Pubblicato il: 23/03/2015 – 18:10
Non solo letteratura nel volume di Guagliardi

“Pacchi” e contropacchi, trame, faccendieri, erotismo e miscugli d’umanità varia impregnano le aule e il vissuto del “Palazzo”, i cui corridoi si dipartono dalle pagine di un noir in salsa calabra che, a loro volta, assumono ossigeno dai neuroni asserragliati nel cranio di un politico in carne ed ossa. Insomma, non tutto è finzione. “Un pacco nel palazzo dei poteri”, benché sia un romanzo, si atteggia a schietto atto d’accusa. Il “Pacco”, infatti, non è inteso come un cartone in cui infilarci cianfrusaglie, né come involucro minaccioso per l’incolumità del “Palazzo”. Il “Pacco”, viceversa, è un’offesa alla legalità congegnata con modalità truffaldine ai danni del danaro pubblico e, quindi, da intendersi come un vulnus per la democrazia.

 

LA POLITICA CALABRESE RACCONTATA DALL’INTERNO
C’è poco da stare allegri, se politici e lobbisti stringono accordi oscuri.
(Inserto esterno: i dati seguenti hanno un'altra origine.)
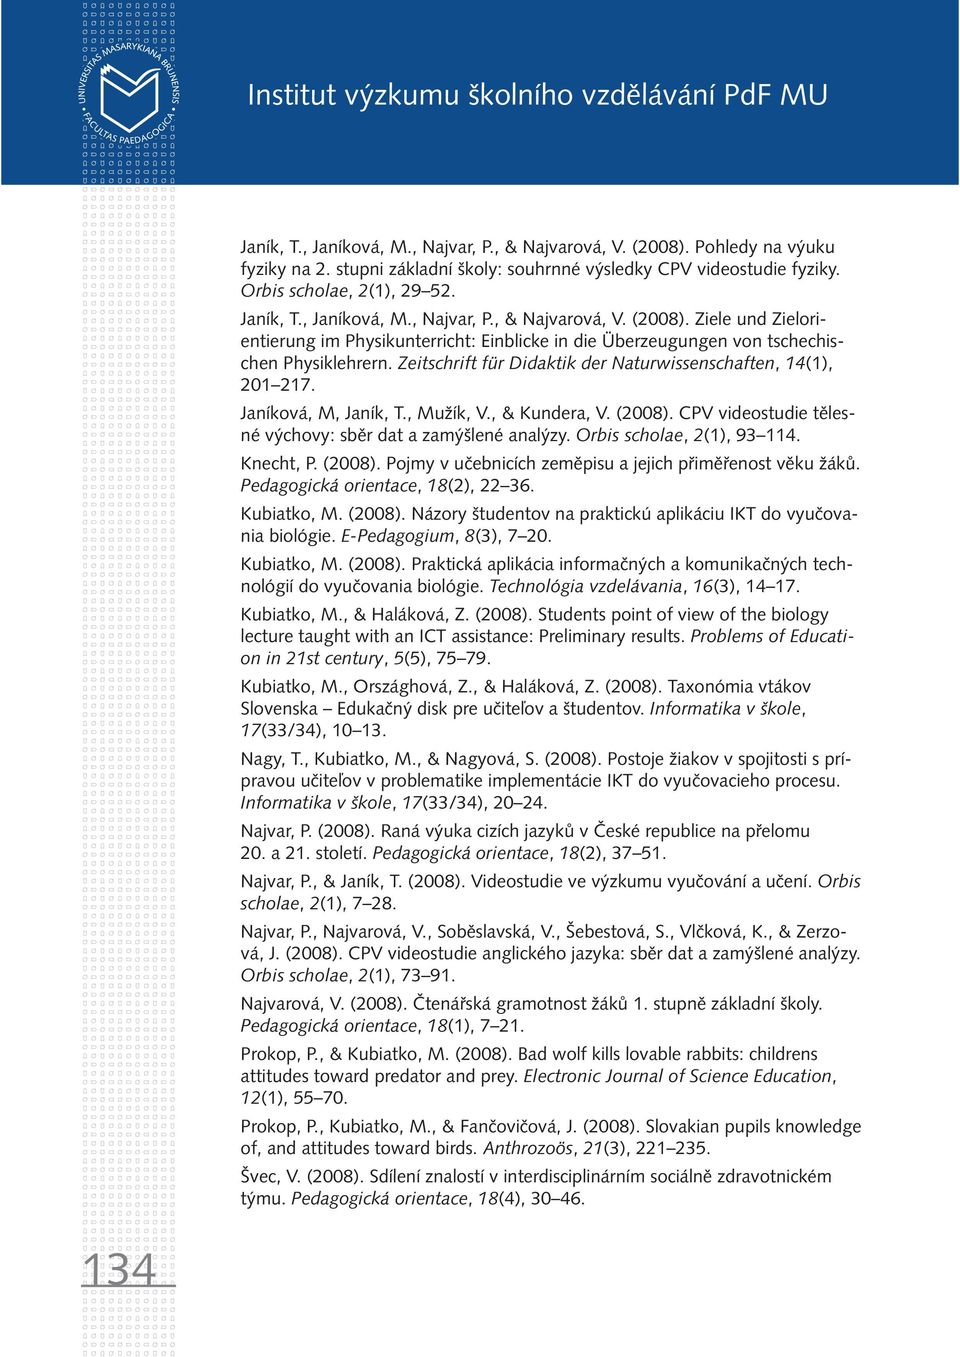 Zeitschrift für Didaktik der Naturwissenschaften, 14(1), 201 217. Janíková, M, Janík, T., Mužík, V., & Kundera, V. (2008). CPV videostudie tělesné výchovy: sběr dat a zamýšlené analýzy.

La letteratura diventa, per l’occasione, randello per una politica scialona. Fin qui, ancora nel vago: un “Pacco” nel “Palazzo” dei poteri. Ma quale Palazzo? La martellata il libro la sferra ad un solo Palazzo. La trama si svolge a Palazzo Campanella, per cui non ci sono dubbi che il j’accuse è indirizzato alla politica calabrese che Damiano Guagliardi, ex segretario di Rifondazione comunista, racconta dall’interno, essendone stato parte integrante in quanto consigliere regionale per tre legislature. Altroché, dunque, se è interessante un’immersione nelle 371 pagine del libro edito da Pellegrini che si legge d’un fiato anche per la curiosità d’individuare i politici dissimulati dalle maschere del romanzo. Certo: niente del “Pacco” è realmente accaduto. Ma sarebbe ipocrita fingere che il “Pacco” non abbia una solida base di verità; e, d’altra parte, al di là dei pregi letterari, sarà proprio sul declino della politica che si fermerà l’interesse dei lettori. Ma anche, si spera, l’attenzione della buona politica, che pure c’è, nel “Palazzo” e fuori. E da cui, nel romanzo, prende le mosse il “contropacco”. La cui astuta regia è di un anziano consigliere regionale (l’eroe positivo) che s’oppone. E disfa il “pacco”, attingendo ad ogni tipo d’espediente. Il libro s’inserisce nel solco di un genere che ha visto, specie negli anni scorsi, raccontare il travaglio della politica dal di dentro. Evidenziare successi e rovesci attraverso chi quel potere lo esercita, per esempio i tanti volumi sfornati dall’ineffabile Giulio Andreotti. Non è in discussione, però, se queste operazioni siano o meno dei “falsi” letterari dietro cui si celano intenti politici.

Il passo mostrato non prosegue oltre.